The Centre for Advanced Photonics and Process Analysis (CAPPA) is delighted to announce their researcher Dr Steven Darby has won the prestigious National Standards Authority of Ireland (NSAI) Standards and Innovation Award for 2021. The Standards and Innovation Awards acknowledge the important contribution of research and innovation to standardization and celebrate the contributions of researchers, innovators and entrepreneurs to standardization. The awards ceremony took place at the NSAI standards virtual forum on Wednesday 13 October 2021 from 3 pm to 5 pm.
Dr Steven Darby won the NSAI Innovation Award in recognition of the contribution that he, supported by Munster Technological University, made to the development of the COVID – 19 Face Covering standards, SWiFT 19 and CWA 17553. The Innovation Award is awarded to organisations that participate on NSAI Standards Committees. The Award recognises the organisation’s efforts to create new standards to assist in preventing the spread of the COVID -19 virus in an innovative manner.
The NSAI standard for barrier masks was published in response to the COVID – 19 pandemic and provides important information for manufacturers and consumers in relation to barrier masks. The specification was developed in response to a request from the Competition and Consumer Protection Commission and with the view that many Irish manufacturing companies are trying to change their production lines in response to the pandemic. Dr Steven Darby contributed to the development of this document.
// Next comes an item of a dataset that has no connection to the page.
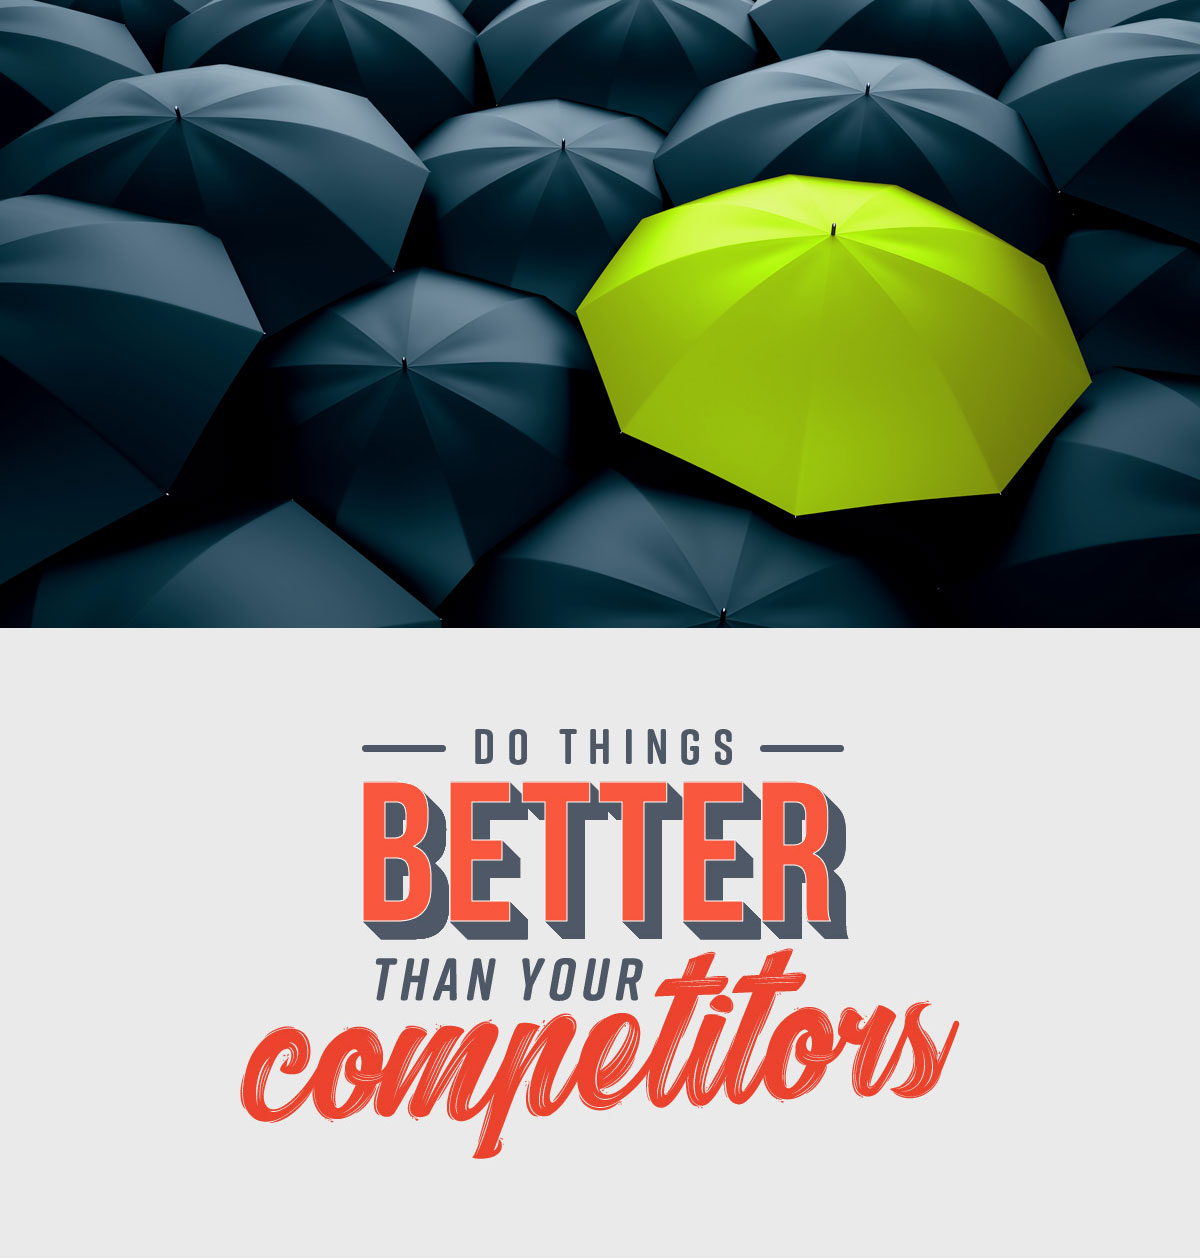 Do things better than your competitors and stand-out from the crowd
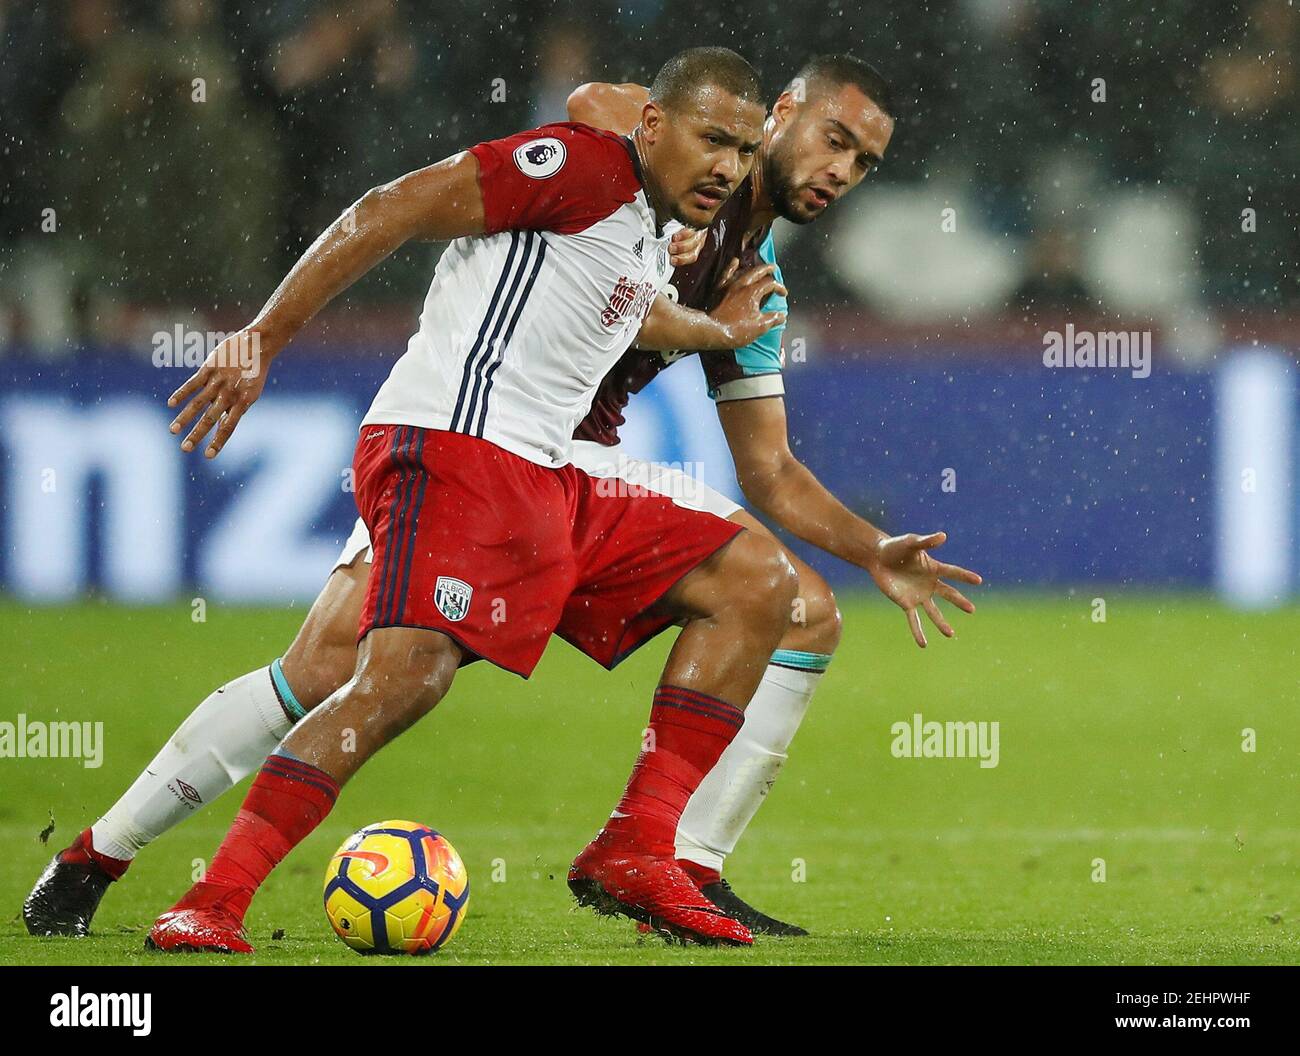 Soccer Football - Premier League - West Ham United vs West Bromwich Albion - London Stadium, London, Britain - January 2, 2018   West Bromwich Albion's Salomon Rondon in action with West Ham United's Winston Reid    REUTERS/Eddie Keogh    EDITORIAL USE ONLY. No use with unauthorized audio, video, data, fixture lists, club/league logos or "live" services. Online in-match use limited to 75 images, no video emulation. No use in betting, games or single club/league/player publications.  Please contact your account representative for further details. Stock Photo

As a result of this contribution he was appointed to the Irish delegation to the European Committee for Standardization (CEN), to assist with developing the CEN Workshop Agreement for Community Face Coverings.
The development of a standard on community face coverings in the context of the COVID-19 pandemic, for general use by European citizens, is a new category of product. It is inevitable that there are a wide variety of levels of performance on the market including innovate designs. Dr Darby led and facilitated research at the early stages of the standards development process in order to establish the benchmark level of performance that is suitable for the intended use of the product and protection of consumers. Dr Darby led early stage research to support the development of the Irish Standards for barrier masks and face coverings to inform performance requirements. Innovate methods of testing were used by Dr Darby and those he collaborated with in University College Dublin (UCD), University Limerick (UL) and National University of Ireland Galway (NUIG) during the research.